Aucun pur-sang gavé de soins, aucun cheval de guerre couvert de cicatrices n'a pu se flatter d'une carrière aussi romanesque que ces chevaux-là.
Leur origine se perd dans la nuit des temps ; peut-être sont-ils grecs, attribués à Lysippe au IIIe siècle Av JC. Volés par les romains, nous savons qu'ils furent transportés de l'arc de Trajan à Rome jusqu'à Constantinople où on les installa sur la tour de l'Hippodrome. C'est là qu'Enrico Dandolo les vola à son tour en 1204 pour les emmener à Venise.

Le sabot de l'un d'eux se trouva brisé en chemin et le capitaine du navire, Morosini, le conserva en souvenir et le fit placer plus tard au-dessus de la porte de sa maison, Campo Sant'Agostin.

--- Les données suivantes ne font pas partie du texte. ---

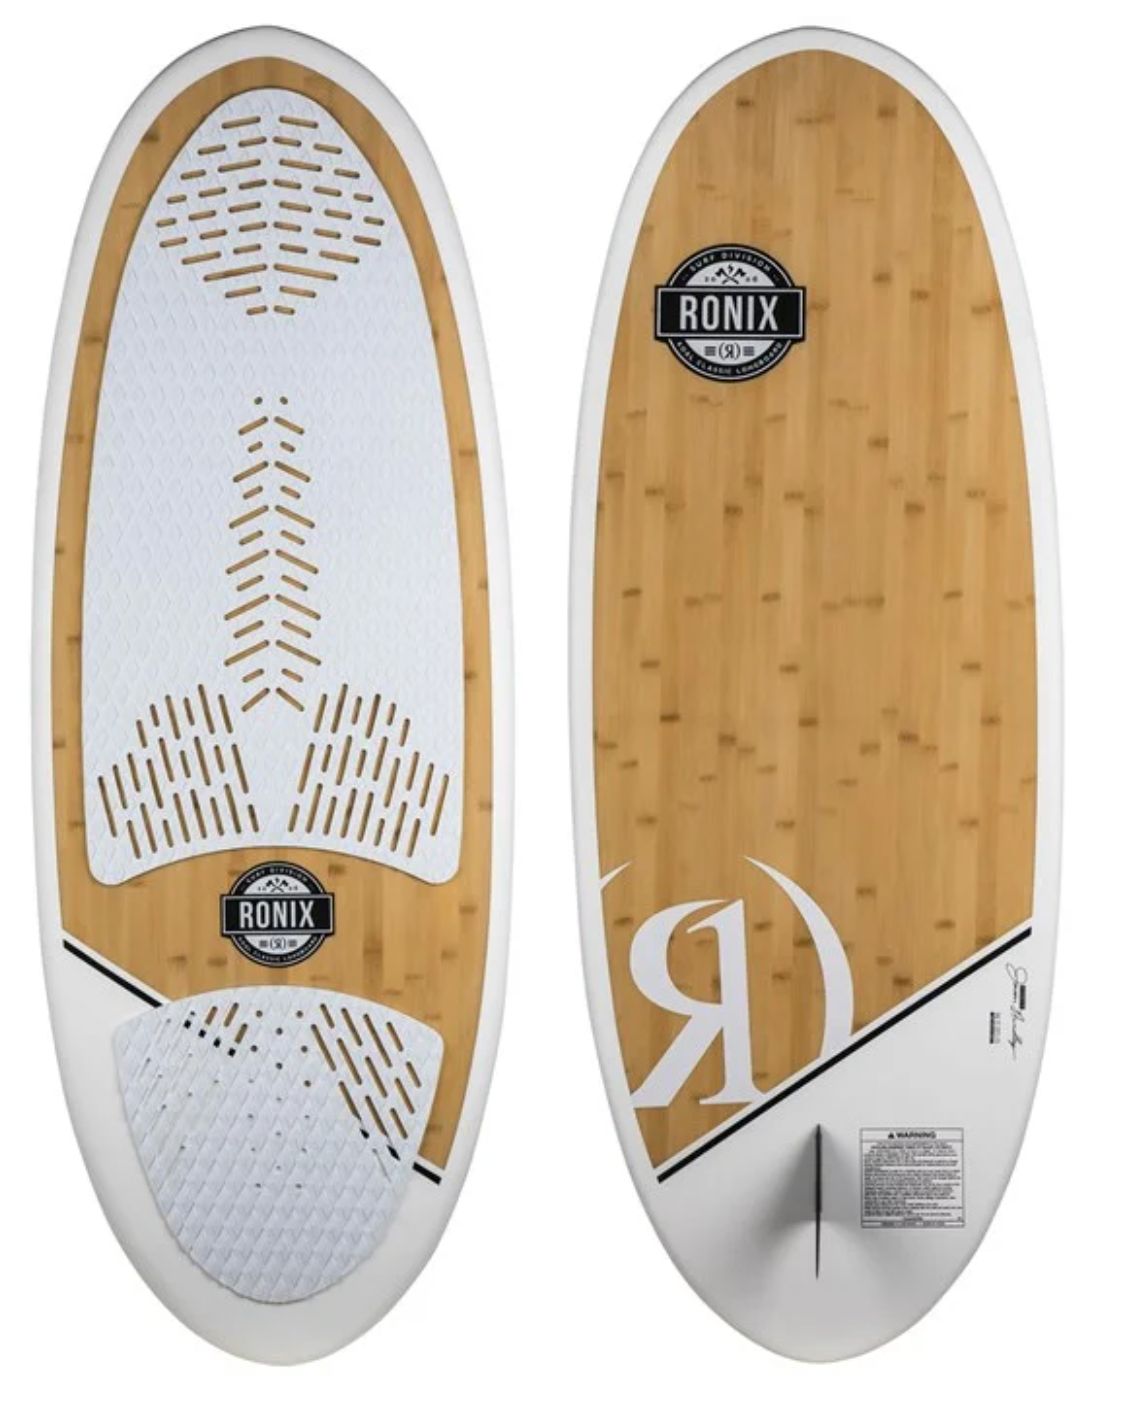 beginner wakesurf board - white and wood

Les chevaux furent restaurés à Venise et installés d'abord à l'Arsenal. Mais bientôt ils gagnèrent leur position grandiose à Saint Marc et ils devinrent si bien symbole de la gloire et de l'orgueil de Venise que les Génois, combattant contre Venise, se vantaient d'être sur le point de "passer la bride aux chevaux de Saint Marc".

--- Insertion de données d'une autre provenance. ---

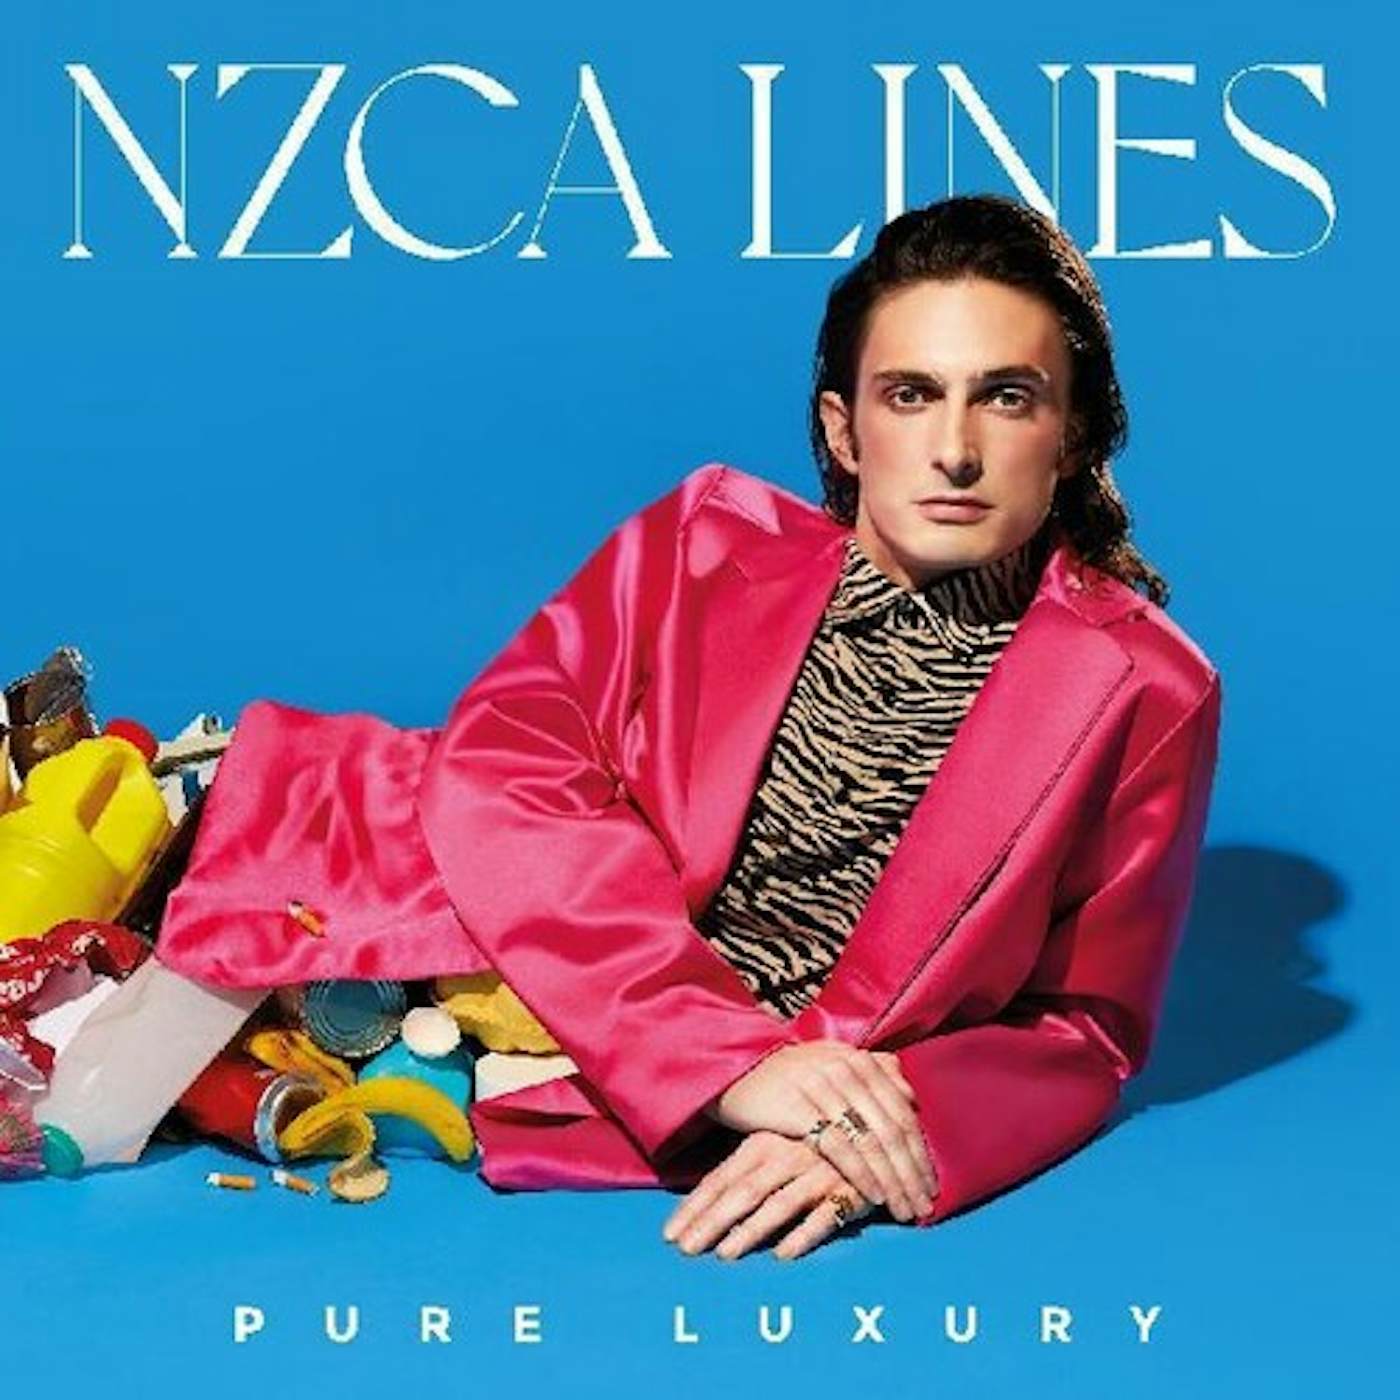 NZCA LINES PURE LUXURY CD

Ils sont de nouveau volés par Bonaparte en 1798. Les soldats du génie de Napoléon les descendirent à grand-peine de la Basilique (ils pèsent huit cent kilos chacun) et les emmenèrent à Paris où ils restèrent treize ans sur la place du Carrousel.

Après Waterloo, les Autrichiens les ramenèrent à Saint Marc en 1815.  Les originaux sont maintenant à l'abri des intempéries (et du vol ?) à l'intérieur de la basilique.